Well let’s see about that. With the new(ish) “Event Core” of the Darwin core standard, odds are that GBIF works for your data as well. Below is the story of how I formatted and published a multi-year observation data set of ~80 species with a hierarchical survey scheme, while incorporating all collected environmental covariates, and meta-data into GBIF.
GBIF — the Global Biodiversity Information Facility, is a vast store of biodiversity data, with records spanning hundreds of years, and containing hundreds of millions of occcurrence records. Up until recently though, it has been limited to presence-only data, neglecting information of possible zero-counts. The addition of Events to the Darwin Core standard seeks to remedy that. With this addition, GBIF now accepts most survey data. It does this by organizing the data around individual sample events, i.e. a distinct measurement event of one or more species together with related records, in a specific time and place.
See here for info on the Darwin core in general: https://www.gbif.org/darwin-core. For event-data specifically, see here: https://www.gbif.org/data-quality-requirements-sampling-events.
Most of our complex data has a structure to it, whether it is spelled out clearly through naming schemes, or implicit through relationships within a database. A botanist for example, might have mapped the flora of a forest stand by placing 1\(m^2\) survey squares randomly 10 times, and recorded the percentage cover of each species in the squares. The individual observations of the plants are then linked together through the specific 1\(m^2\) survey square they were found in, and further linked together through the 10 survey squares in the same forest stand. This could be recorded in a single table by using a column for the names of the forest stand, a column for the survey square a column for the plant species and a column of the percentage cover of the species (Table 1). Or, the data could be split up into separate tables in a database, with keys that link the tables together. Alas, there are (almost) as many potential structures as there are surveys. But there is only one Darwin Event Core. The task is then to standardise individual data sets so that it fits into GBIF, while providing the necessary information so that the original format can later be retrieved. It’s a little bit like zipping and unzipping a file.
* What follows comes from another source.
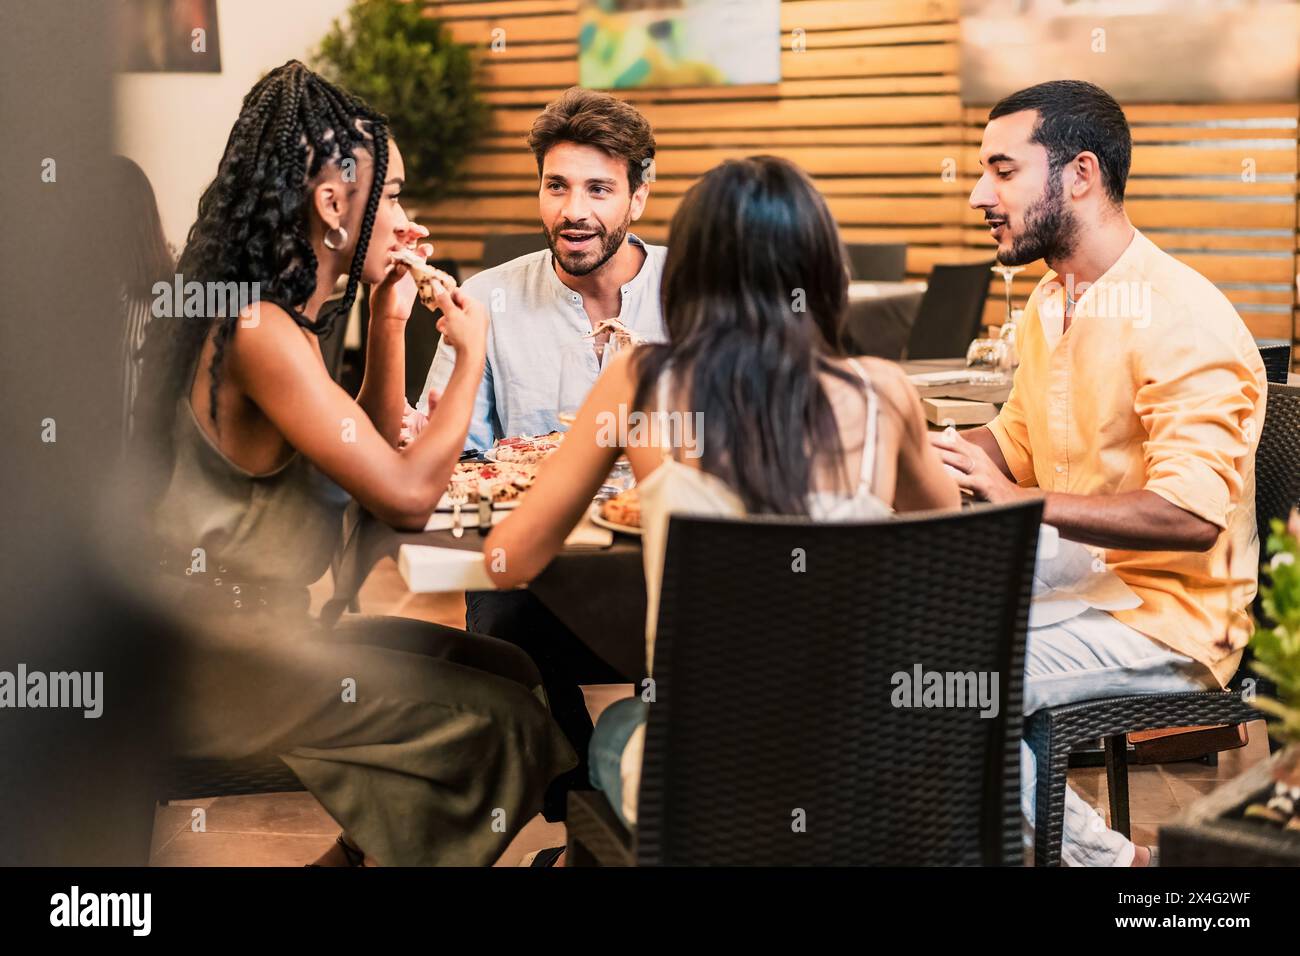 Vielfältige Gruppe von Freunden - Abendessen und Unterhaltung in einem Restaurant genießen, eine Mahlzeit in einer lebhaften städtischen Umgebung teilen - gesellig, unterhaltsam. Stockfoto

The key idea behind the event core format is to link related information in a data set together using a hierarchy of recording events. The lowest level event in our example is the counting of plants within one survey square. That’s the smallest observational unit that links individual records together. Each such event has a number of occurrence records linked to it, in this example the percentage cover of each plant in that survey square. This can include values of 0%, for species that we looked for, but didn’t find in any particular survey square. We can also include zero counts the same way. The hierarchical structure of the survey scheme is recorded by encoding the higher recording level, above the observation event as a parent event. In our case this is the survey of the entire forest stand. This hierarchy is open-ended, meaning there could be additional higher level events. Thus a parent event can have it’s own parent event, and so on.
The point of coding the hierarchical relationships this way is to be able to store any (?) structure and related recorded data in a standardised way, in only one event table and one occurrence table. This obviously has some major benefits. We could store a wide range of biodiversity data in a unified way at a single location, facilitating the combination of data sources and streamlining data gathering routines.
But nothing so great comes for free, and the cost here is that you might need to rearrange your data before you upload it to GBIF. This particular formatting can seem confusing at first, and along the way you might wonder if it’s really worth it. But there is no way around it. There is inherently work involved in organizing complex data into a unified format and getting it back again. But once it’s done, your data is securely stored and publicly available, free of charge, in the worlds largest repository of biodiversity information.
Let’s look at our made up example data of plant surveys in forests.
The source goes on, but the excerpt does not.